Inspiration is for amateurs.

— Chuck Close

Old objects and the personal memories associated with them inspire most of my paintings.

I’m content to call it nostalgia.

Like weight-gain, nostalgia is an affliction of the aged and can rapidly get out of hand. I especially loathe the kind that wistfully pines for a rosy past that wasn’t all that rosy.

But at least I’m never at a loss for inspiration.

Thanks to post-World War II consumerism, there are millions of old objects for me to paint: millions of cans, bottles, tools and toys that have been stashed away in attics, basements and garages; and millions more on display in thrift stores, antique malls and on eBay. I can buy these for a song.

I just finished a Yoo Hoo bottle and am planning next to paint a beer can—specifically, a Ballentine’s Beer can—an idea planted by a throwaway remark made to me this week by another artist, Peter Swift, while we were waxing nostalgic about Newark, New Jersey (the home, until 1972, of the P. Ballantine & Sons Brewing Company).

The company’s ads were ubiquitous when I was growing up and its mammoth factory lit the night sky near my childhood home.

If Philip Roth could find a career’s worth of inspiration in Newark, I figure, why can’t I?

Inspiration lurks in the humblest corners.

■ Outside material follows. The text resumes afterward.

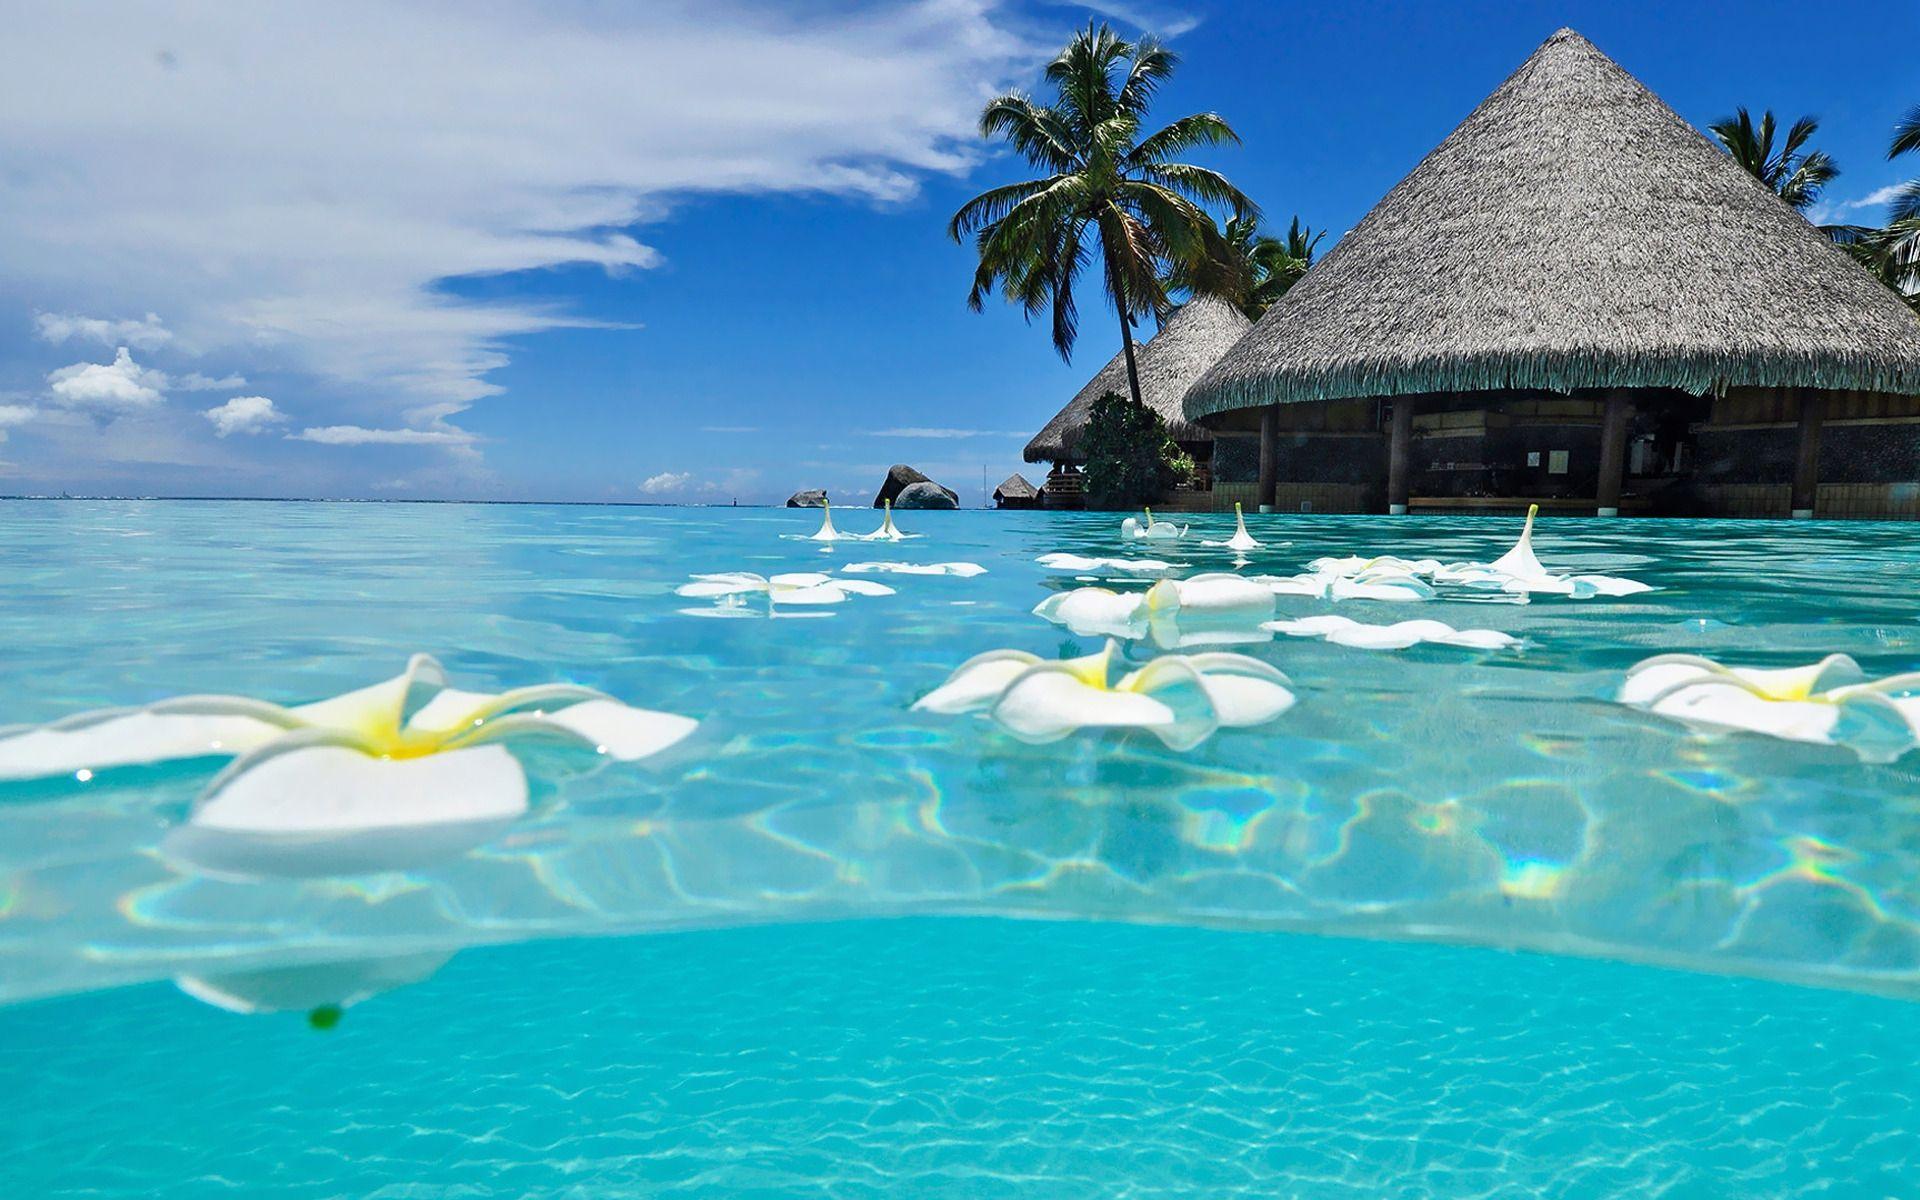 Pin By Kryz Lopez On Relaxation Cancun Beaches Beautiful Beaches Beach Wallpaper
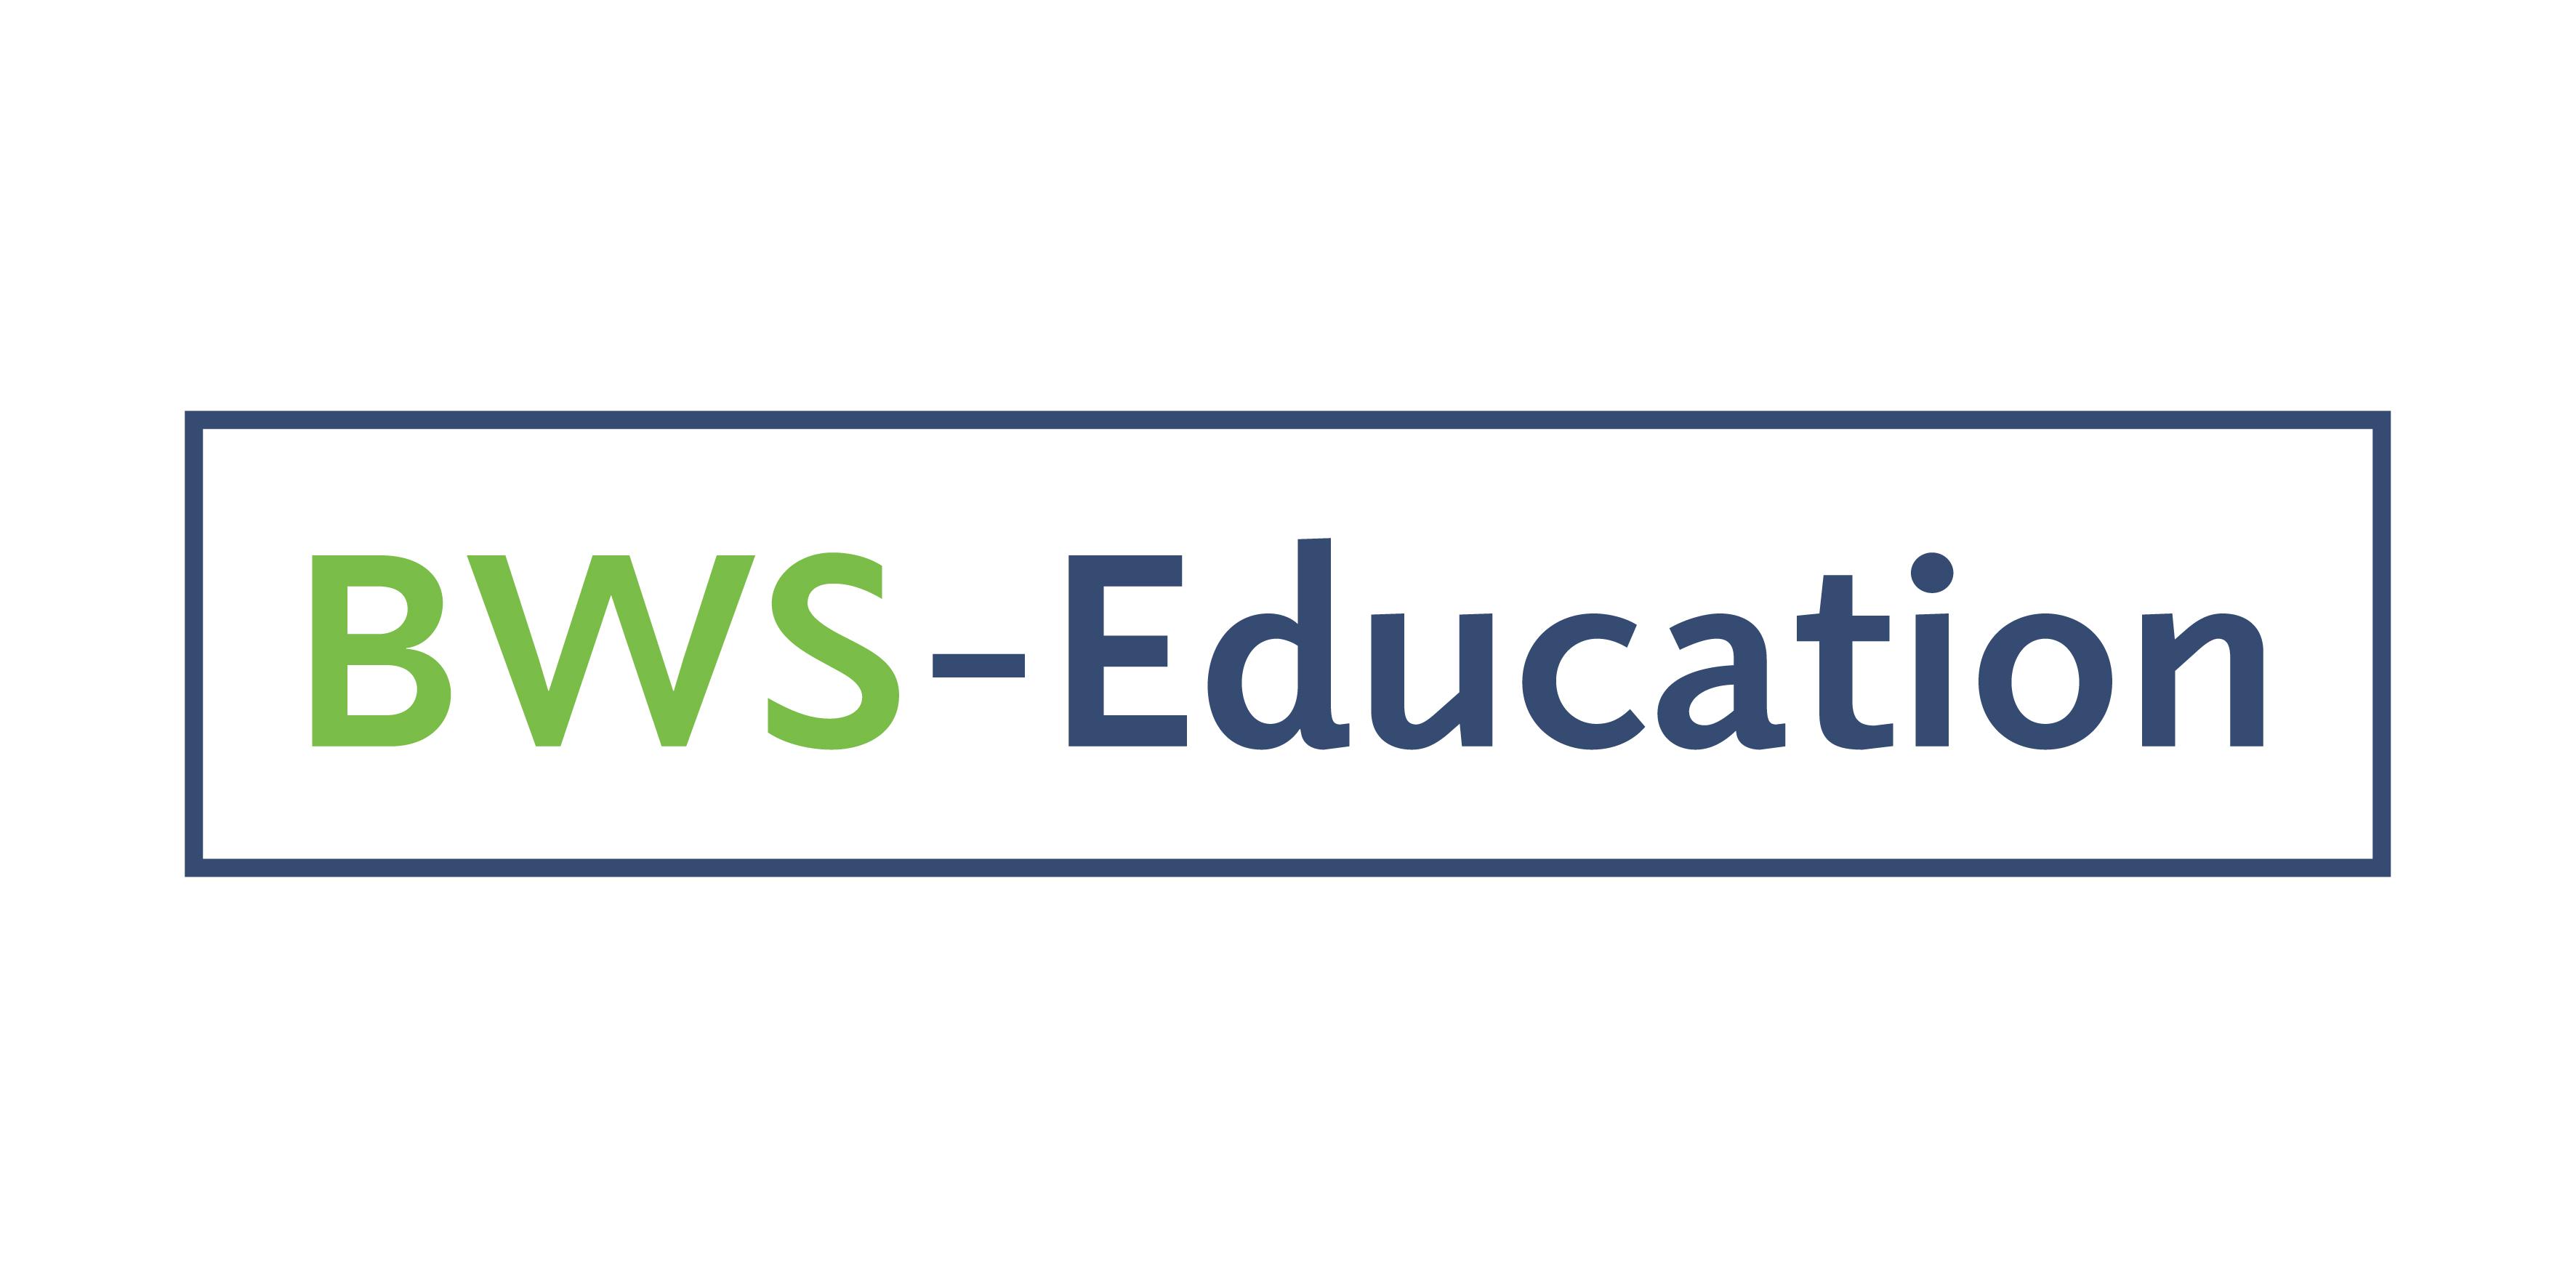 bws-education-01-01

You just have to show up.

Chuck Close, who died this week, was once asked about the role of inspiration in making art.

“The advice I like to give,” he said, “is not to wait around for inspiration. Inspiration is for amateurs; the rest of us just show up and get to work.

“If you wait around for the clouds to part and a bolt of lightning to strike you in the brain, you are not going to make an awful lot of work. All the best ideas come out of the process; they come out of the work itself. Things occur to you.

“If you’re sitting around trying to dream up a great art idea, you can sit there a long time before anything happens. But if you just get to work, something will occur to you and something else will occur to you and something else that you reject will push you in another direction.

“Inspiration is absolutely unnecessary and somehow deceptive. You feel like you need this great idea before you can get down to work, and I find that’s almost never the case.”

Chuck Close was right.

Above: Yoo Hoo, by Robert Francis James, 2021. Oil on canvas. 18 x 24 inches. P. Ballentine & Sons. Lithograph, circa 1850. Self-Portrait (Yellow Raincoat) by Chuck Close, 2019. Mosaic.  6 x 9 feet. Installed in New York’s Second Avenue Subway 86th Street Station.